In light of the US Supreme Court’s decision in Kiobel v. Royal Dutch Shell Petroleum Co., the attorney for GE Energy (USA) wants the Court of Appeals for the Fifth Circuit to dismiss would-be whistleblower Khaled Asadi’s appeal to have his lawsuit, contending that his firing violates the protections provided to him under the 2010 Dodd-Frank Act, reinstated. Asadi filed his complaint against the company last year claiming that his former employer had violated the whistleblower anti-retaliation provisions. The dual Iraqi and US citizen says that he was let go from his job after he told GE Energy’s ombudsman and his supervisor about a hiring situation that could violate the Foreign Corrupt Practices Act.
A district court, however, threw out his case, finding that, per the Supreme Court’s ruling in Morrison v. National Australia Bank Ltd., applying the anti-retaliation provisions to behavior that happened abroad is precluded. Asadi then went to the Fifth Circuit, arguing that Dodd-Frank protects employees that report violations of any rule, law, or regulation that is under SEC jurisdiction. He claims that these protections extend to US citizens who work abroad and report information about securities violations.

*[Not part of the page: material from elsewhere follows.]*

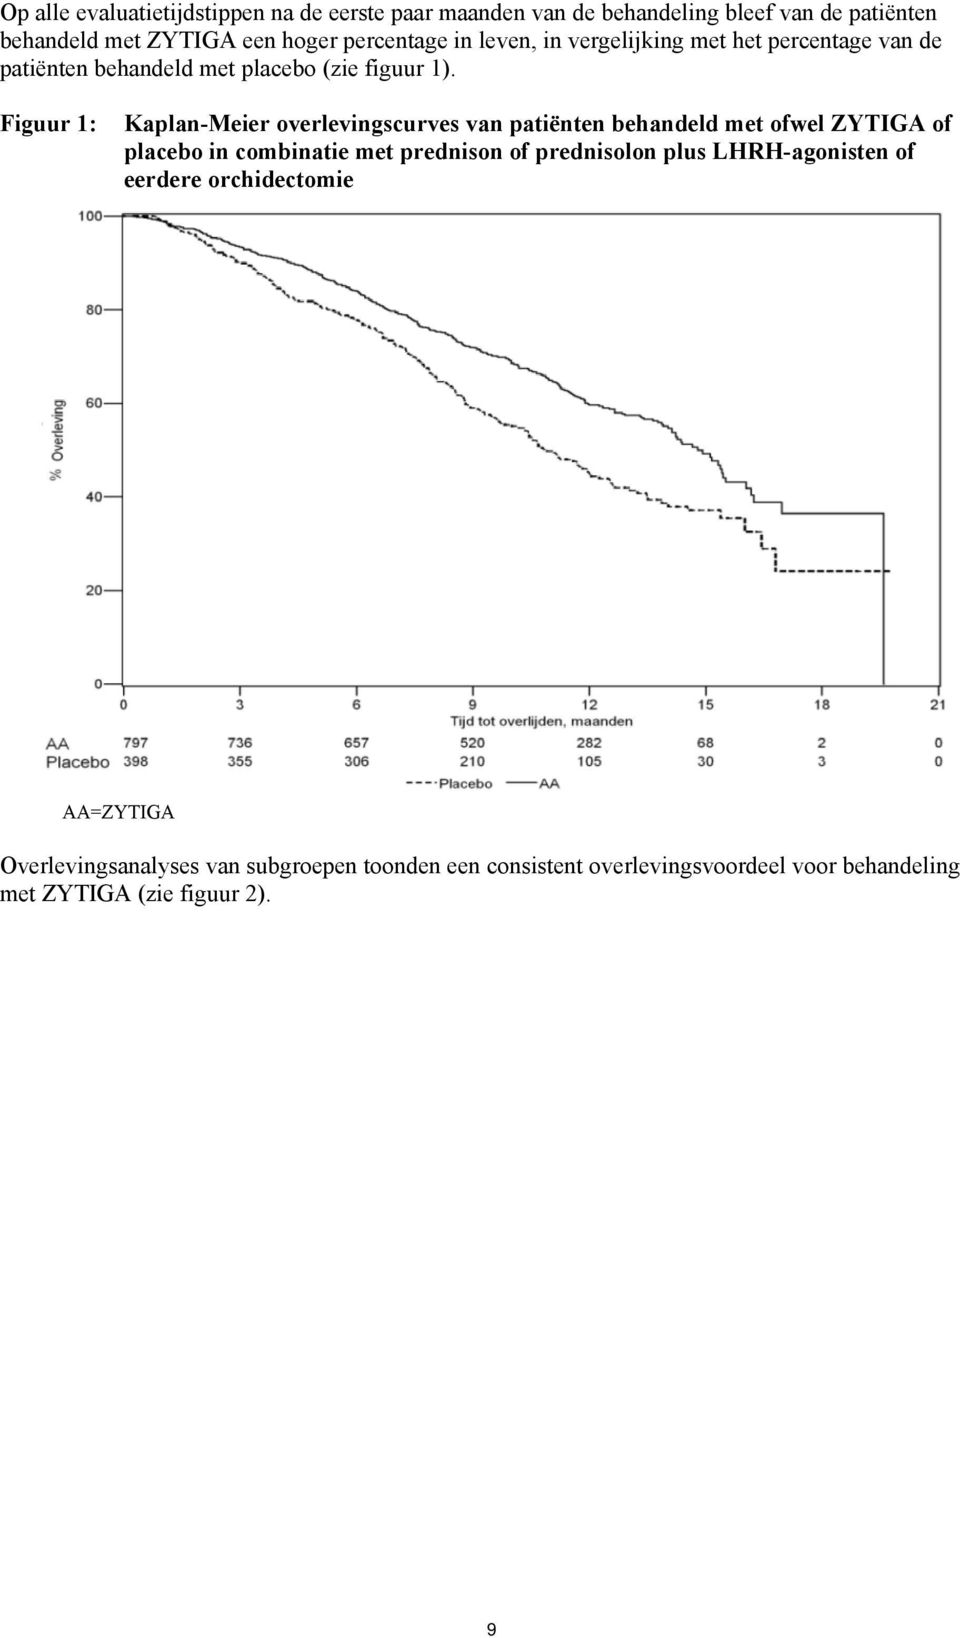 Figuur 1: Kaplan-Meier overlevingscurves van patiënten behandeld met ofwel ZYTIGA of placebo in combinatie met prednison of prednisolon

Asadi believes that the way Dodd-Frank incorporates the FCPA supports his claim that the whistleblower protections do have “extraterritorial applicability.” He noted that the anti-corruption statute has a “clear statement rule” that is applicable to individuals and companies outside the US.
In the Kiobel ruling, the justices voted to affirm the dismissal of the Alien Tort Statute claims submitted by Nigerian nationals against certain British, Nigerian, and Dutch companies over the alleged aiding and abetting of the Nigerian government in numerous law of nations violations, including torture and extrajudicial killings. Chief Justice Roberts wrote that the presumption against extraterritoriality can apply to ATS claims and that there is nothing in the statute that successfully counters this presumption. Now, GE Energy’s legal representation contends that like the Supreme Court’s ruling in Kiobel, the district court’s decision in this case also depended on the presumption against extraterritoriality.